Despite indications that B.C. averted a  worst-case scenario in the early weeks of the pandemic, COVID-19  continues to ravage care facilities.

Last Thursday the province suffered its  most deadly pandemic day. Twenty-eight people died of COVID-19, and all  but two were residents of long-term care.

There are currently more than 1,000  residents and 600 staff who are COVID-19 positive across 58  care-facility outbreaks, provincial health officer Dr. Bonnie Henry said  Thursday.

Right now in Canada, the definition of a probable case is based on an exposure risk, like working in a  long-term care facility, and either a fever or a new or worsening cough.

But the study found people who reported  less common symptoms during the outbreaks studied, such as body aches,  headaches and lost appetites, were more likely to test positive for  COVID-19 antigens.

Vijh says Canada should adopt the wider  definition of a probable case recognized by the Centers for Disease  Control in the U.S., which counts symptoms like headaches as clinical  evidence in high-exposure environments like care facilities. 

“If you have such a hyper-specific approach, you may miss people that may contribute to transmission.”

In addition to taking blood samples from 48  per cent of staff and 39 per cent of residents across the facilities,  the voluntary study interviewed them about their symptoms during the  outbreaks in question and consulted clinical records.

The results don’t suggest someone with a  headache and very little exposure risk is likely to have COVID-19, said  Vijh. But they do indicate people working in the midst of an active  outbreak should monitor their bodies for any symptoms at all.

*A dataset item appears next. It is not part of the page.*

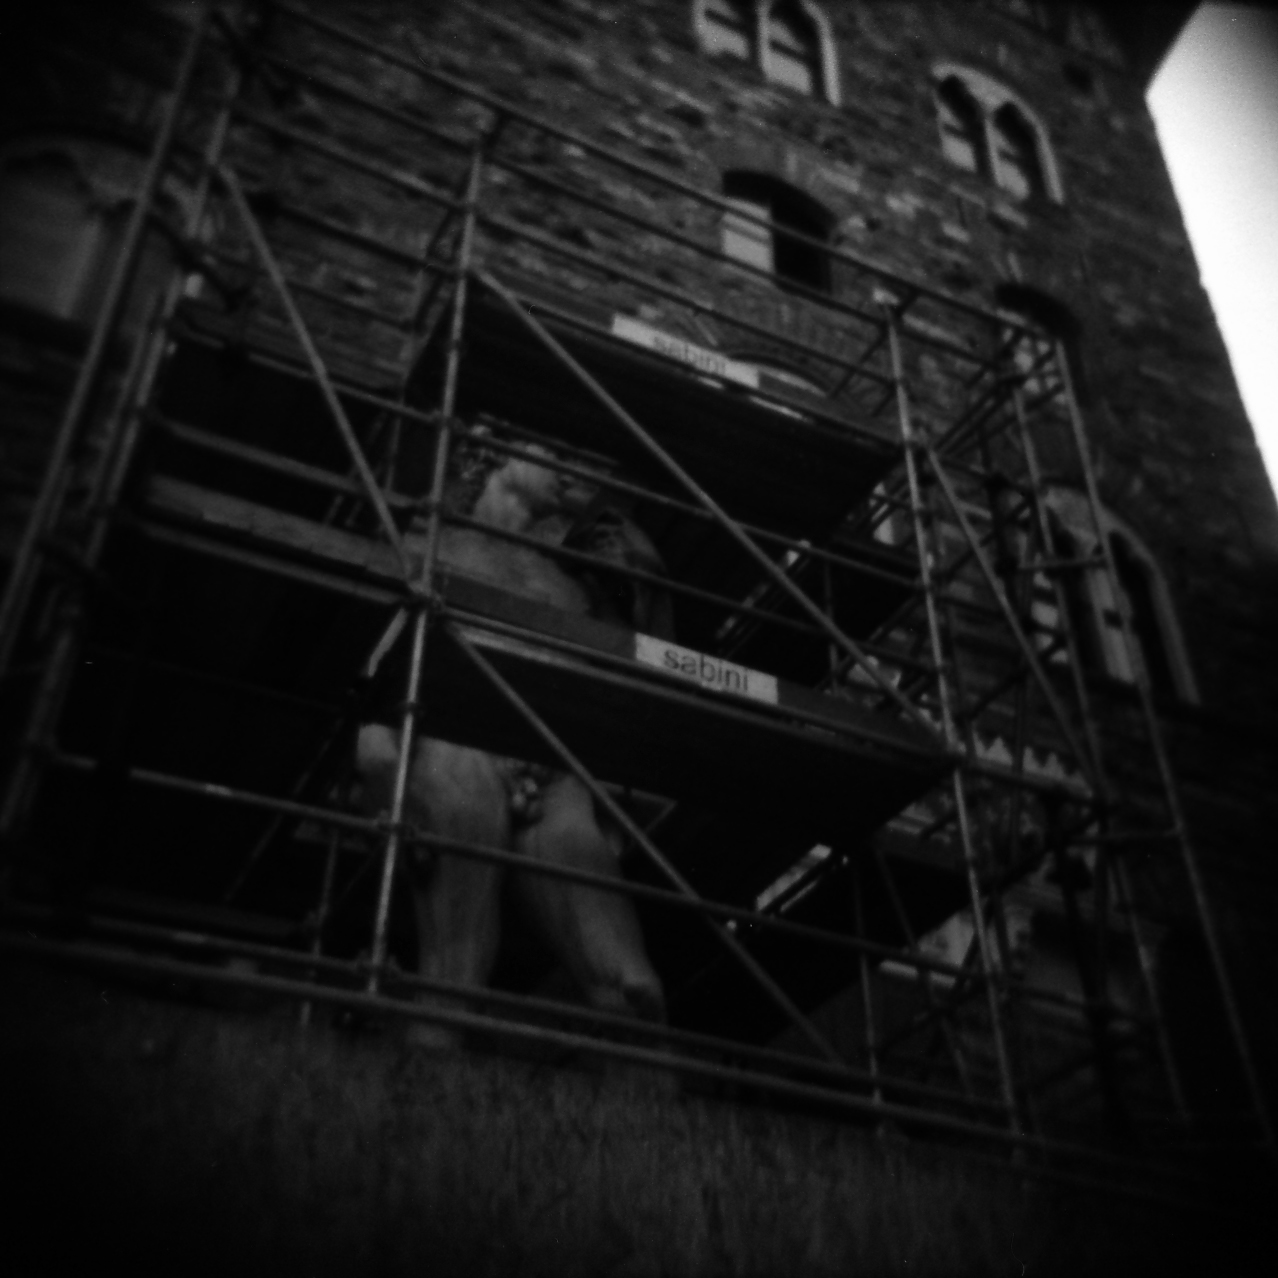 statue scaffold.jpg

Particularly for long-term care residents  who often have multiple complex health needs, paying close attention can  help care staff notice when something as small as a headache could be a  symptom of something worse.

While the study shows swift and strict measures are effective at limiting transmission, restrictive policies continue to devastate the physical and mental well-being of residents and their loved ones,  whose visits are limited. Residents are allowed one designated visitor,  and the frequency and length of visits are strictly limited.

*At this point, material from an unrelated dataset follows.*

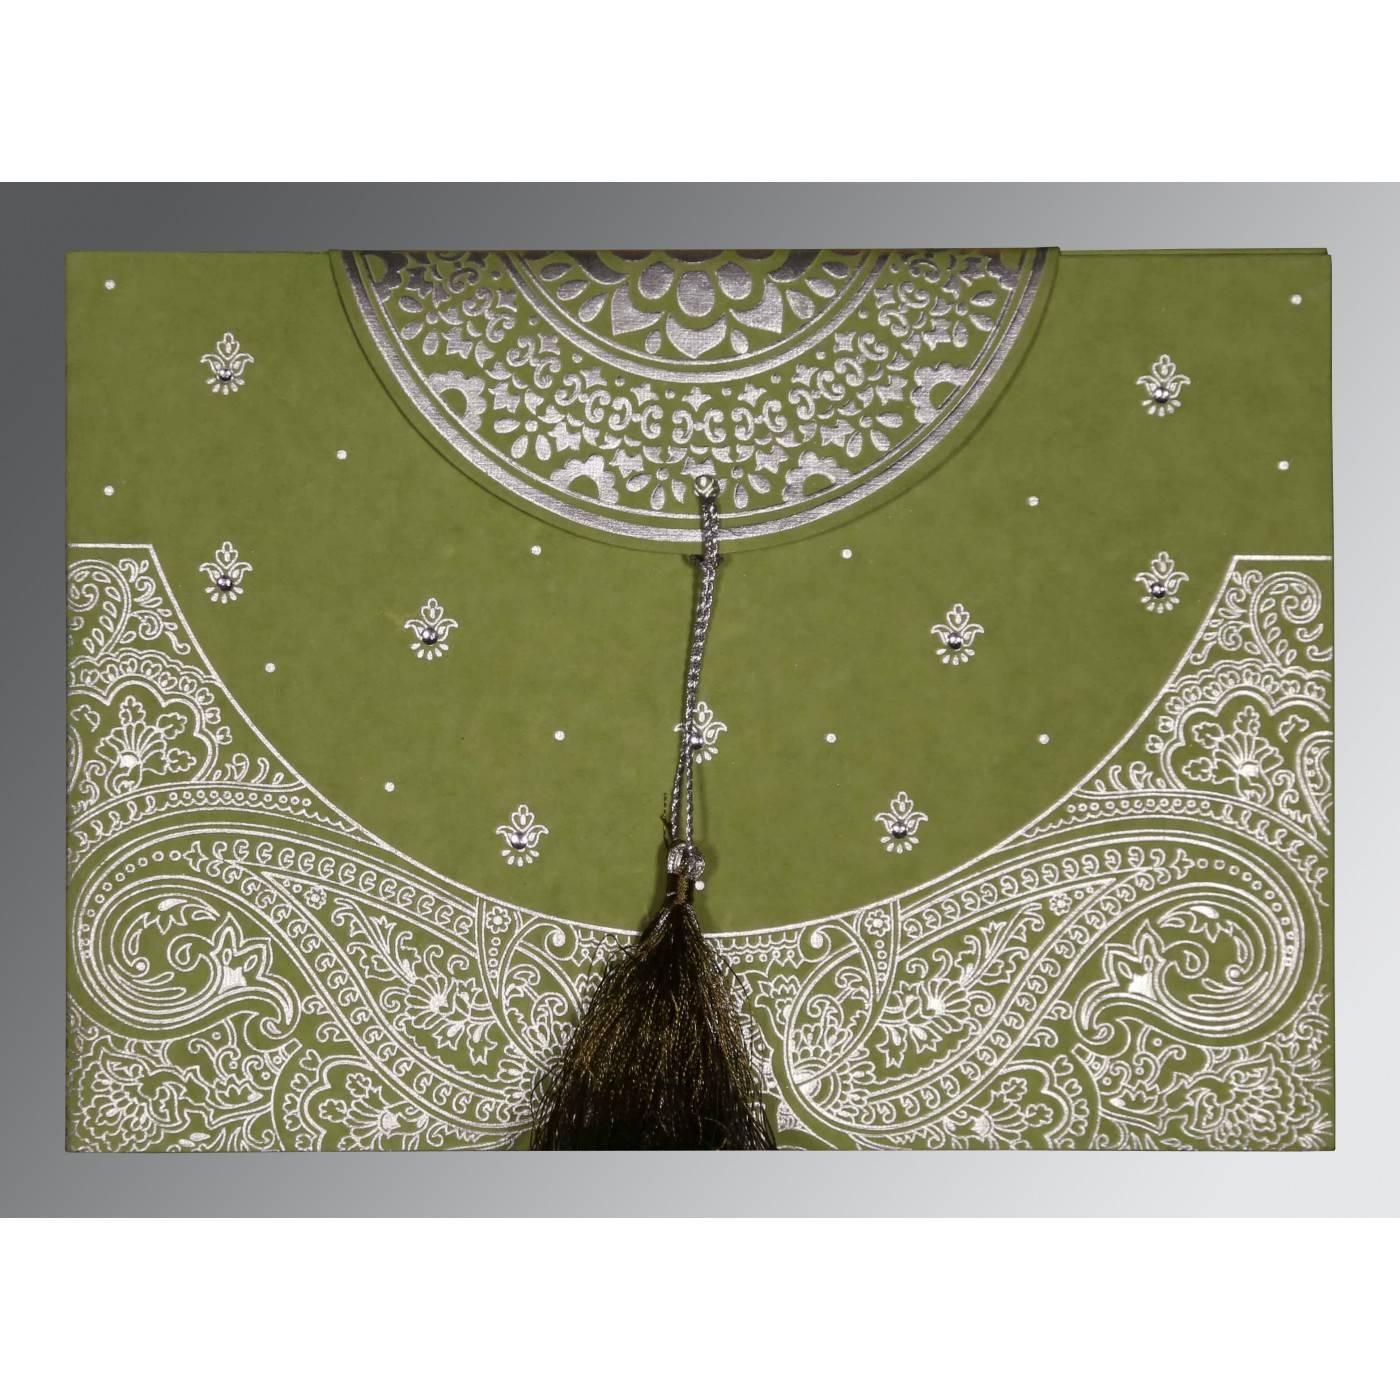 DARK OLIVE GREEN HANDMADE COTTON EMBOSSED WEDDING CARD : CG-8234C - IndianWeddingCards

Henry said she was open to allowing more frequent visits by the designated visitors, but didn’t say when those changes would begin when asked by The Tyee earlier this month.

Caregivers — desperate to see their loved  ones before what could be their last holiday season — and Seniors’  Advocate Isobel Mackenzie have been calling for rapid testing to ensure  staff and visitors don’t bring the virus into the facilities as part of a  move to ease restrictions.

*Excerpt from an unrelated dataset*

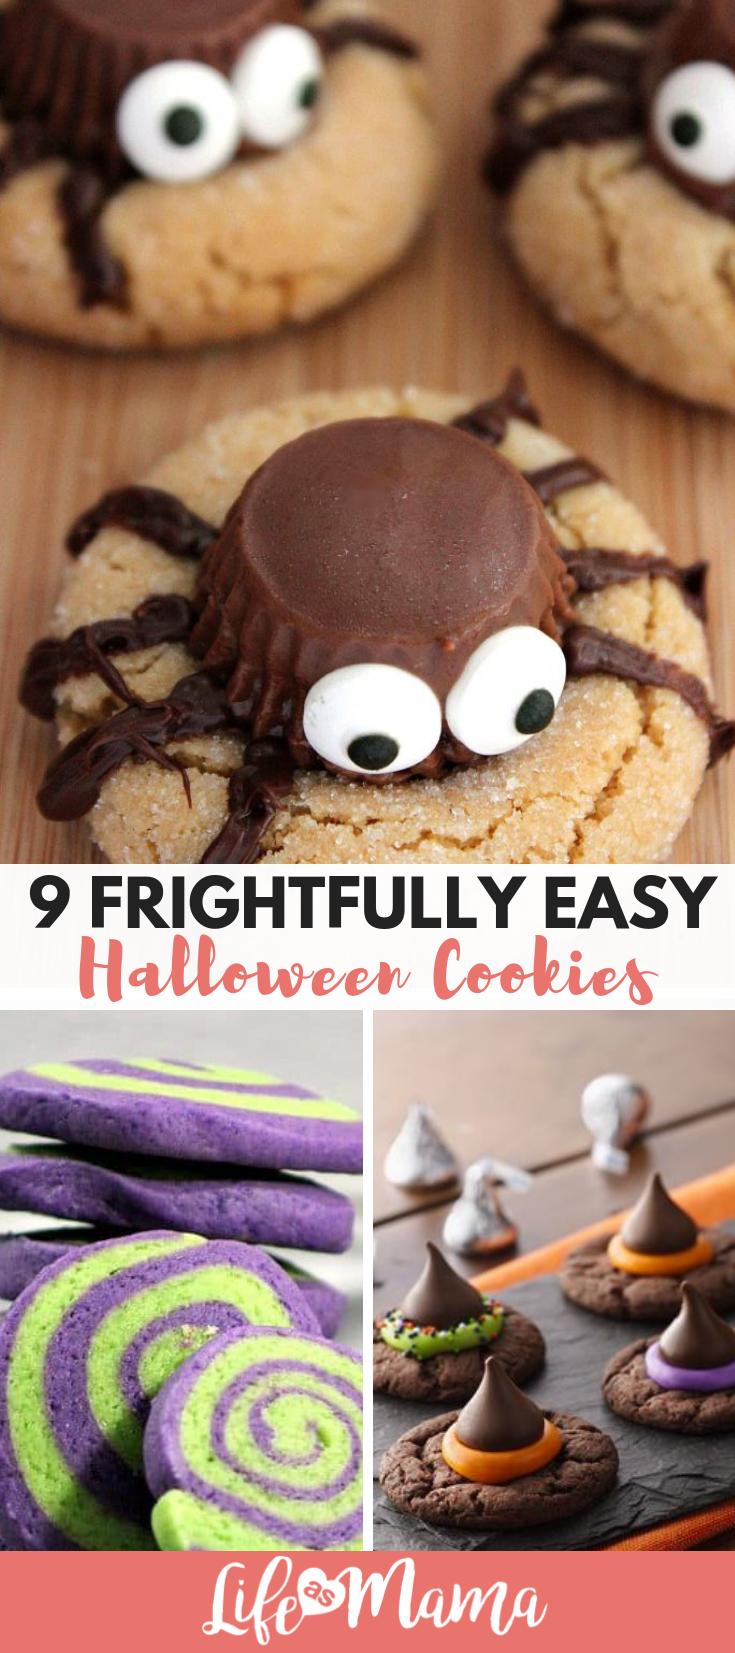 9 frightfully easy halloween cookies   mama's heart   pinterest

Public health officials have begun a pilot project to use rapid testing to screen staff in the Lower Mainland. Health  Minister Adrian Dix said last week the program would be implemented more  widely if it proves effective.

Vijh said his study shows every extra layer of protection can save lives, and rapid testing could be an additional step.

“No single tool, whether it’s COVID  testing, whether it’s using symptom screening, whether it’s serology, is  perfect on its own, and it requires us to just be very cautious,” said  Vijh.

He also hopes wider symptom-screening  criteria will help staff with less-common symptoms take paid sick leave  and be able to stay home.

 Targeting people on narrow criteria is defended as more efficient, Vijh noted.

“But I think what the study showed was that  you’re still going to miss people. So you’re going to have to take this  [wide] approach regardless,” he said. 

“And that approach is probably what  contributed to B.C. not having the same magnitude of cases in long-term  care, especially early on in the pandemic, compared to Ontario and  Quebec.”